Die fünfte Welle - Rick Yancey

Die fünfte Welle
von Rick Yancey

Bewertet mit 4.5 Sternen

"Wir hatten dem Tod in die Augen gesehen, und der Tod hatte als Erster geblinzelt. Man möchte meinen, das hätte uns das Gefühl gegeben, wir wären tapfer und unbesiegbar, aber das war nicht der Fall."
["Die 5. Welle" // Rick Yancey // S. 80]

Erster Satz:
Es wird kein Erwachen geben.

Inhalt:
Mit der ersten Welle fiel der Strom auf der ganzen Welt aus. Die zweite Welle zerstörte alle Küstenstädte. Die dritte Welle brachte ein tödliches Virus und nach der vierten Welle gibt es nur noch eine einzige Regel: Traue niemanden. Auch Cassie hat diese lebenswichtige Regel lernen müssen, nachdem sie ihre Familie hat sterben sehen. Nur ihr kleiner Bruder ist ihr geblieben, doch die Anderen haben ihn mitgenommen. Getrieben von dem Versprechen, ihn wieder zurückzuholen, trifft sie bald auf Evan Walker, der sie rettet, nach dem sie auf der Flucht vor den Anderen angeschossen wurde. Obwohl sie weiß, dass Vertrauen tödlich sein kann, bleibt sie bei Evan und muss schon bald erfahren, welche Grausamkeiten die fünfte Welle für den Rest der Menschheit bereithält...

Meine Meinung:
Dieses Buch ist ein Albtraum! Und nein, damit meine ich nicht, dass es schlecht ist - ganz im Gegenteil! Es rüttelt am Leser, zerrt an ihm, reißt ihn mit und taucht ihn unter - immer wieder. Man könnte zeitweise meinen, es fasse die größten Ängste der Menschheit zusammen und verpacke sie in einer Geschichte. Heraus kommt "Die 5. Welle" und überrollt einen - ganz wie eine Welle es eben tut. Ganz wie im Buch ist es aber nicht nur eine Welle, die da auf einen zukommt, vielmehr sind es vieleWellen. Wellen voller Grausamkeiten, Gefühlen, Gedanken und Vermutungen. Wellen, die einen zeitweise geschockt, verblüfft und mit gebrochenem Herzen zurücklassen. Denn dieses Buch hat es in sich - es beschönigt nichts und es erzählt nicht die perfekte Geschichte einer Kick-Ass-Heldin, was ich in dem Genre wirklich einmal ganz erfrischend fand. Dieses Buch ist definitiv nichts für schwache Nerven, aber es ist auch eine unglaublich vielschichtige Geschichte, die einiges zu bieten hat und an die man sich sicherlich noch lange zurückerinnern wird.

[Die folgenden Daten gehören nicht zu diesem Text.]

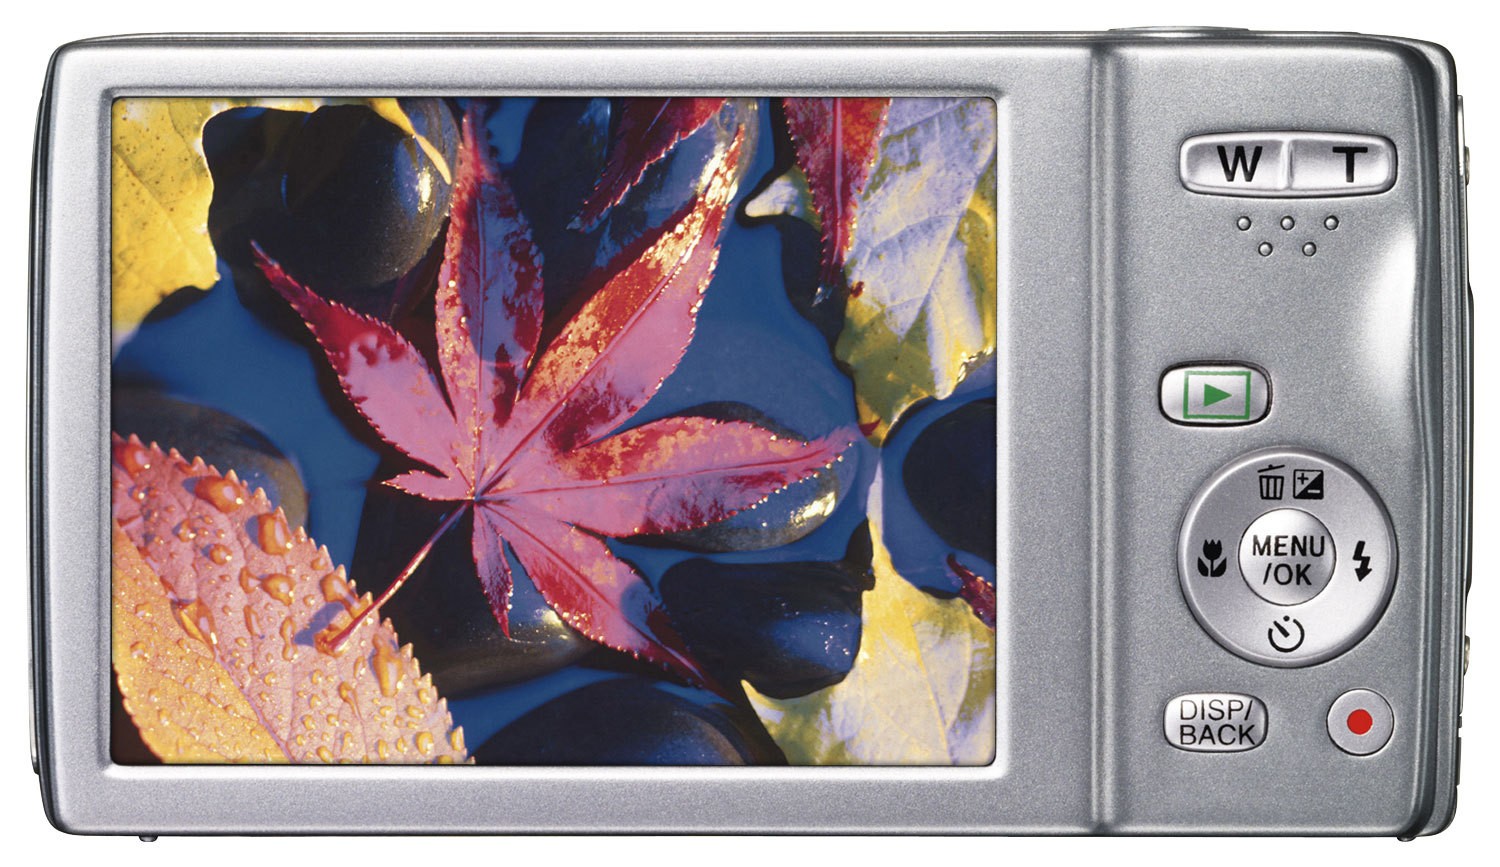 Ja verontschuldigen Uitschakelen Best Buy: Fujifilm FinePix JZ250 16.0-Megapixel Digital Camera Silver JZ250  SILVER

Und das liegt hauptsächlich an all der Brutalität, mit der man konfrontiert wird. Das ist nicht nur physisch, sondern auch zum großen Teil psychisch nur schwer zu ertragen, denn einige Szenen und Handlungsstränge sind hart an der Grenze des Ertragbaren. Allerdings ist auch genau das der Punkt, der das Buch so glaubwürdig und realistisch macht - es läuft nun einmal nichts so, wie man es gerne hätte; vor allen Dingen nicht in der Apokalypse. Das müssen auch die Figuren dieses Buches einmal mehr lernen, denn Rick Yancey verstrickt nicht nur den Leser, sondern auch seine Charaktere in ein Verwirrspiel der besonderen Art, bei dem man schon bald nicht mehr weiß, wem man überhaupt noch trauen kann. Wer also gerne einmal bei einem Buch paranoid wird und hinter jeder Ecke Mord und Todschlag vermutet, der sollte sich "Die 5. Welle einmal genauer ansehen.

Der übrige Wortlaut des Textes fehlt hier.